If probability of misalignment is low, probability of human+AI coups (including e.g. countries invading each other) is high, and/or there aren’t huge offense-dominant advantages to being somewhat ahead, you probably want more AGI projects, not fewer. And if you need a ton of compute to go from an AI that can do 99% of AI R&D tasks to an AI that can cause global catastrophe, then model theft is less of a factor. But the thing I’m worried about re: model theft is a scenario like this, which doesn’t seem that crazy:
Company/country X has an AI agent that can
do 99%[edit: let’s say “automate 90%”] of AI R&D tasks, call it Agent-GPT-7, and enough of a compute stock to have that train a significantly better Agent-GPT-8 in 4 months at full speed ahead, which can then train a basically superintelligent Agent-GPT-9 in another 4 months at full speed ahead. (Company/country X doesn’t know the exact numbers, but their 80% CI is something like 2-8 months for each step; company/country Y has less info, so their 80% CI is more like 1-16 months for each step.)The weights for Agent-GPT-7 are available (legally or illegally) to company/country Y, which is known to company/country X.

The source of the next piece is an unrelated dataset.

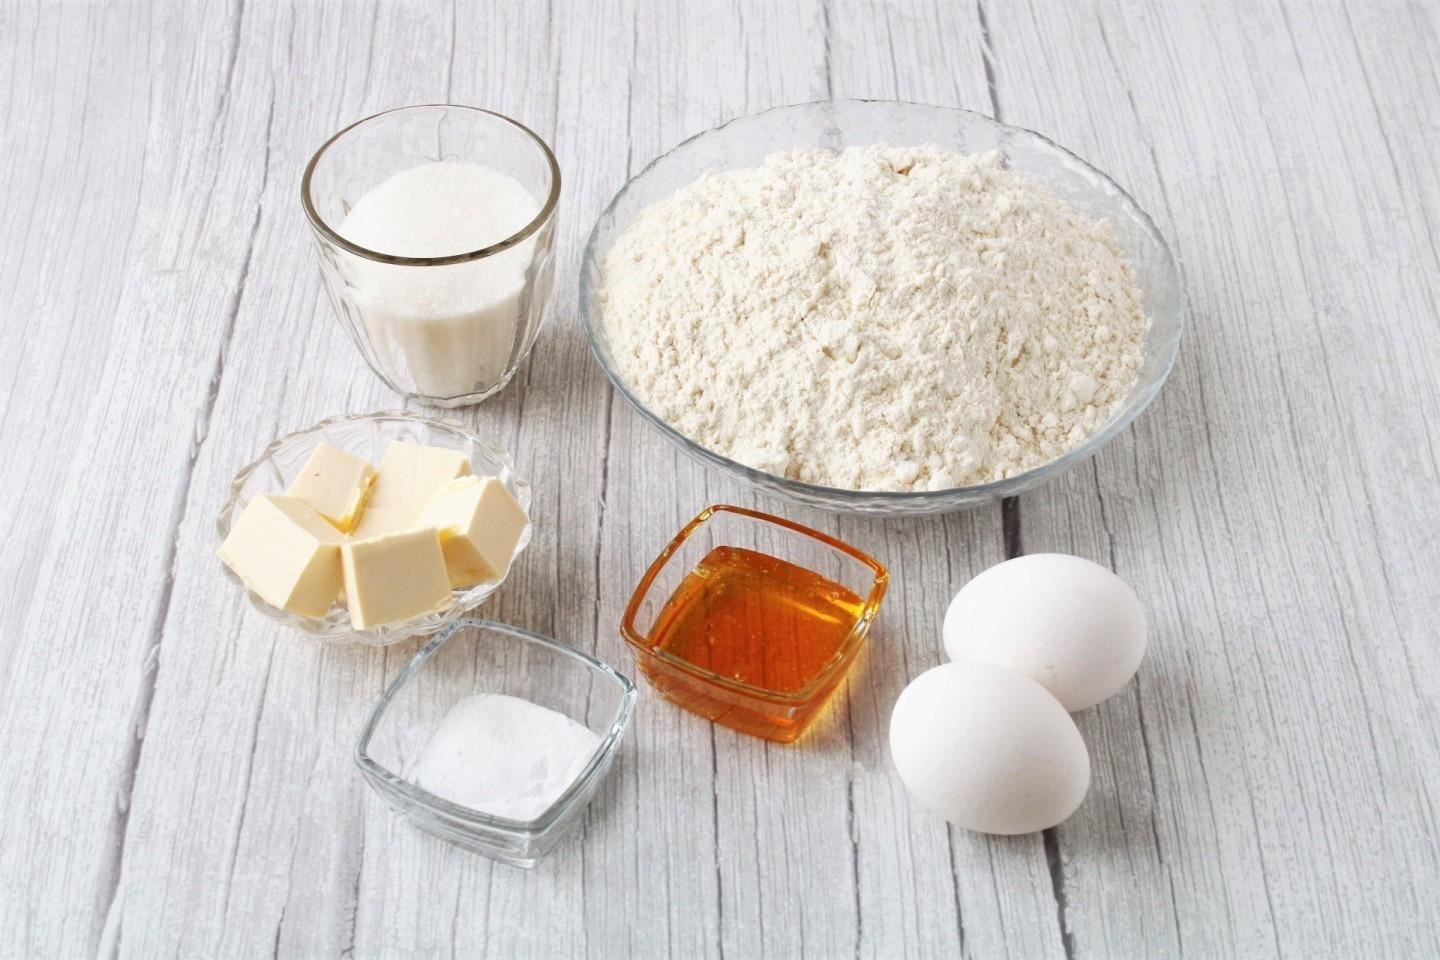 Пирог масло мука яйца сахар. Ингредиенты для медовика. Ингредиенты для медовика классического. Мука сода яйца и сахар. Фото ингредиентов для медовика.

Y has, say, a fifth of the compute. So each of those steps will take 20 months. Symmetrically, company/country Y thinks it’ll take 10-40 months and company/country X thinks it’s 5-80.
Once superintelligence is in sight like this, both company/country X and Y become very scared of the other getting it first—in the country case, they are worried it will undermine nuclear deterrence, upend their political system, basically lead to getting taken over by the other. The relevant decisionmakers think this outcome is better than extinction, but maybe not by that much, whereas getting superintelligence before the other side is way better. In the company case, it’s a lot less intense, but they still would much rather get superintelligence than their arch-rival CEO.
So, X thinks they have anywhere from 5-80 months before Y has superintelligence, and Y thinks they have 1-16 months. So X and Y both think it’s easily possible, well within their 80% CI, that Y beats X.
X and Y have no reliable means of verifying a commitment like “we will spend half our compute on safety testing and alignment research.”
If these weights were not available, Y would have a similarly good system in 18 months, 80% CI 12-24.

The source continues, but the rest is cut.